Hotter Planet Doesn't Have to Be Hungry

I'm live at Bloomberg. The usual bailiwick about weather, crop yields and food prices.

My suggested title was: "On the Precipice of a Warming World: Will We Feed Everyone?"

It's interesting how a title can change the tone from one that leans dismal to one that seems optimistic.

Update

I basically gave three policy suggestions in my Bloomberg piece.  What else might I suggest?  Well, I find myself in the blurry area of my career that lies between focusing on positive "what is" kinds of questions and normative "what should we do" kinds of questions.  I'm still much more comfortable entertaining questions of the "what is" variety, so policy ideas come slowly.

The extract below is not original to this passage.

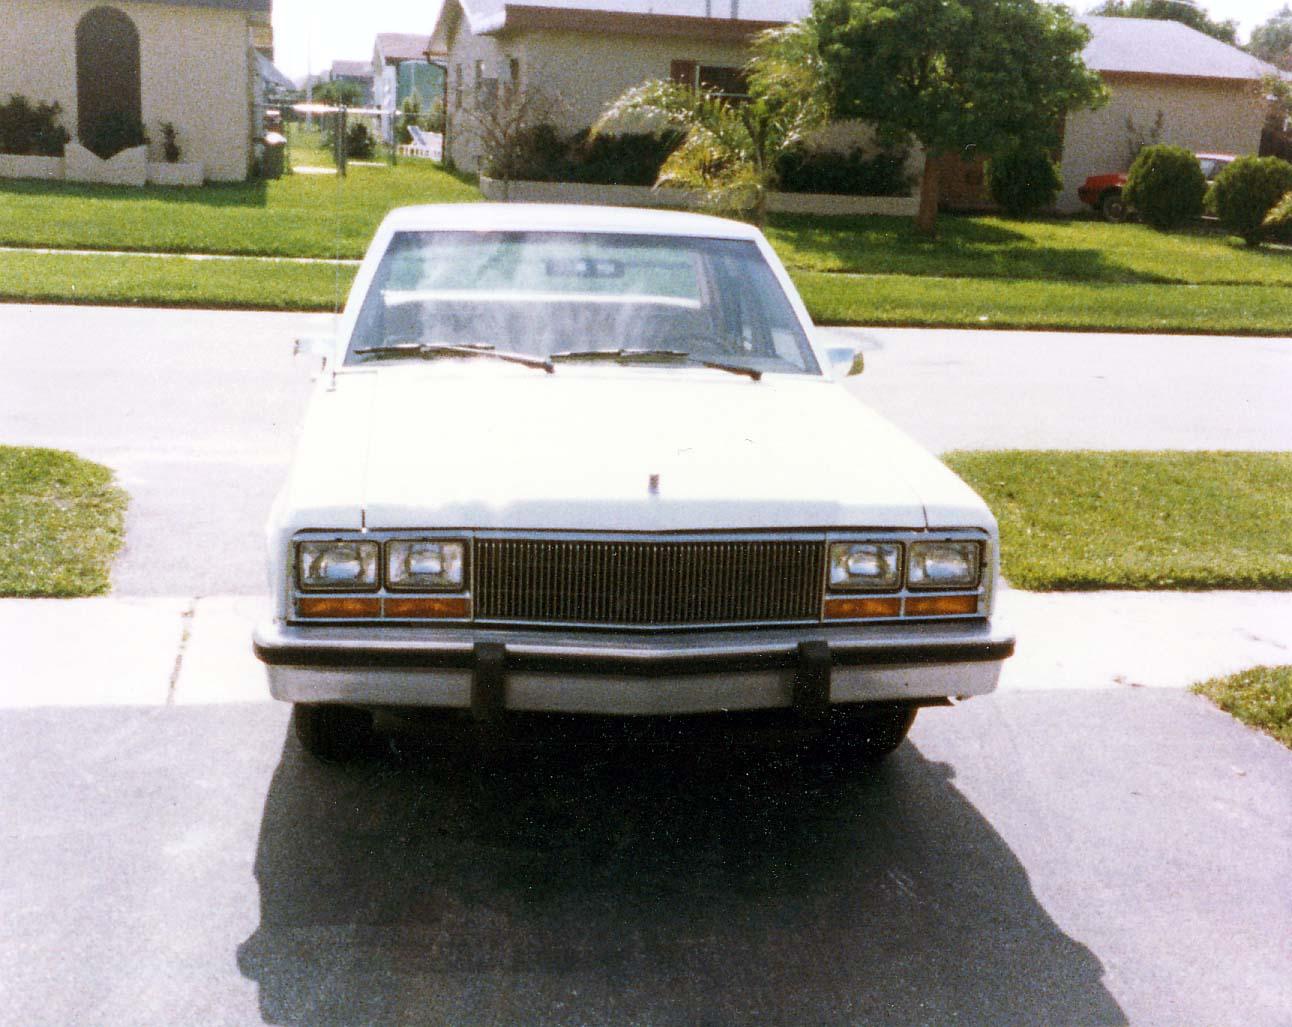 Coal 1979 Mercury Zephyr White Trash Curbside Classic

With that caveat in mind, here are four (or three and one-half) policy ideas that I didn't mention in the Bloomberg piece.

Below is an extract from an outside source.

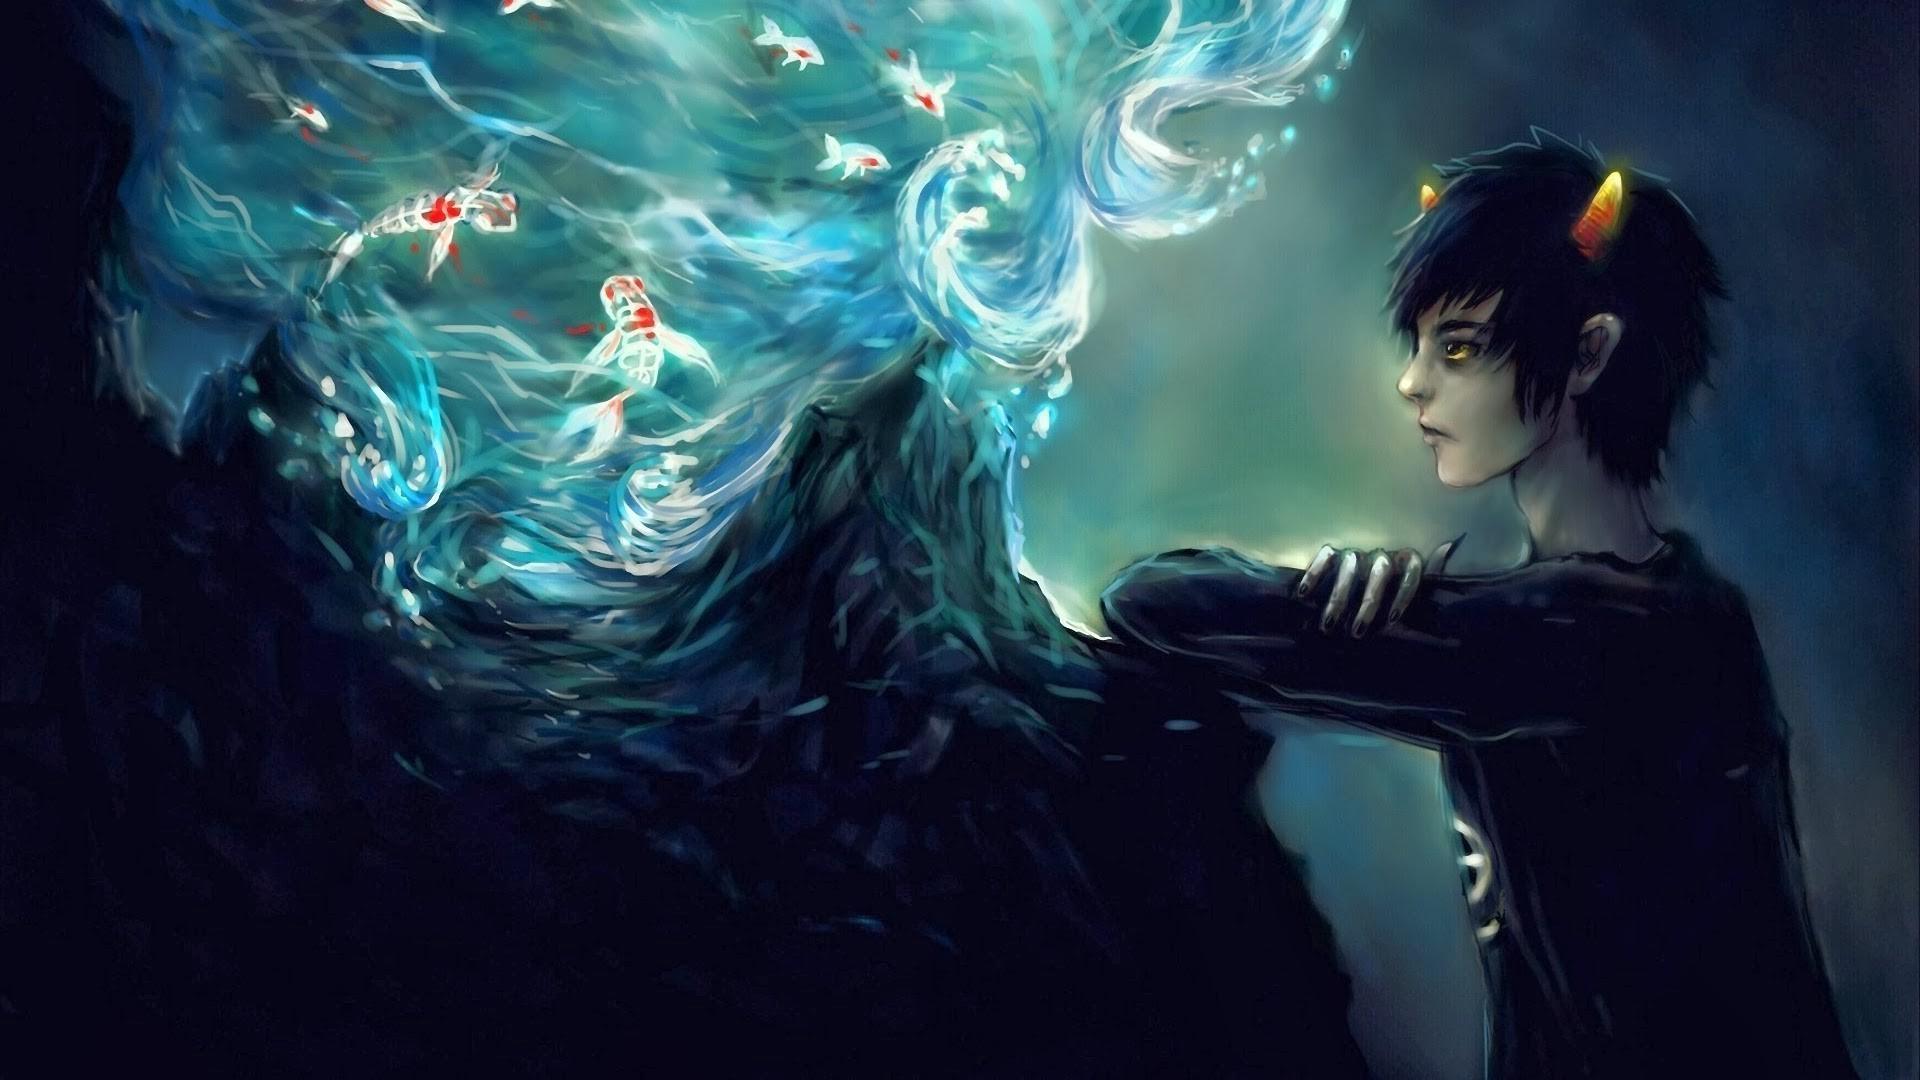 Homestuck, Water, Fantasy Art Wallpapers HD / Desktop and Mobile Backgrounds

1) End ethanol subsidies and mandates.  There has been some talk of ending the subsidy, but I think that would be meaningless from a food price perspective unless the mandates were also ended.  I'm not at all confident about the political feasibility of such a plan.

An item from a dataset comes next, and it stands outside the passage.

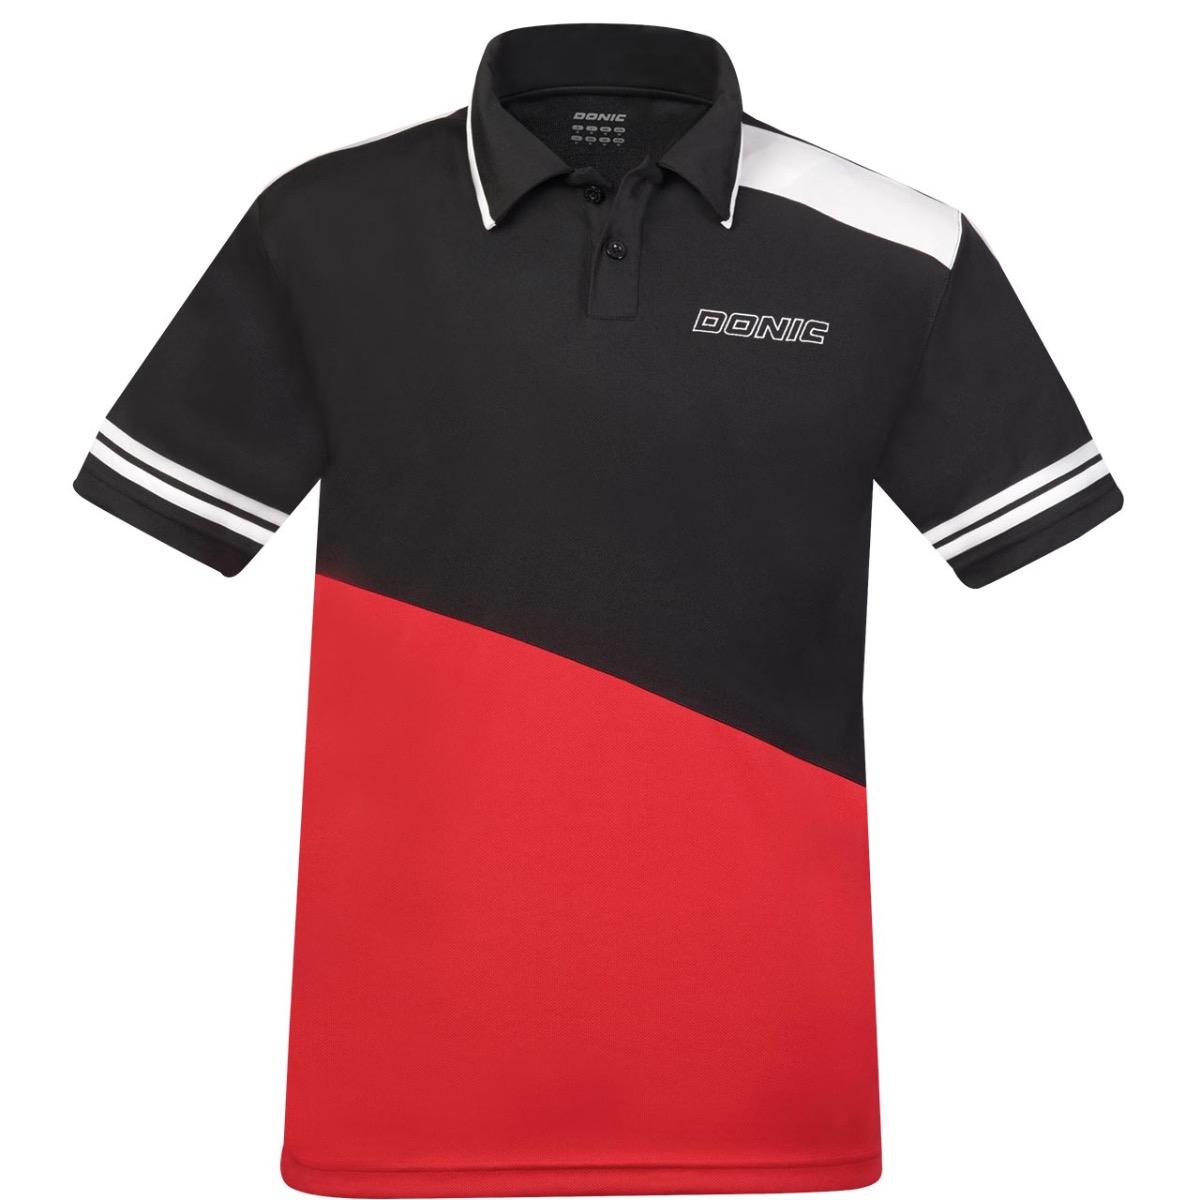 Donic Prime Red/Black

2) If ethanol subsidies/mandates cannot be ended completely, perhaps Congress could make mandates and subsidies contingent on price.  The idea is to have a safety valve of sorts, so that if prices hit some announced threshold the mandate and subsidies would be curtailed.

3) Develop international agreements that would ensure reasonably low food prices for the world's poorest in exchange for keeping trade open.  The idea here would be to reduce the likelihood of export bans and reduce inventories held in speculation of possible future export bans.

4) Similar to point 2, we could make the Conservation Reserve Program (CRP) contingent on price.  The CRP, which I've written about before, basically pays farmers not to plant crops and establish natural wildlife habitat, buffer strips, etc.  We have about 30 million acres in the program right now--nearly the size of North Carolina.  CRP contracts could be written with an escape clause that allows farmers to exit the contracts early if prices get high enough.  This would probably make CRP cheaper in the first place, since farmers would be more willing to enroll, and would help to relieve prices when they get too high.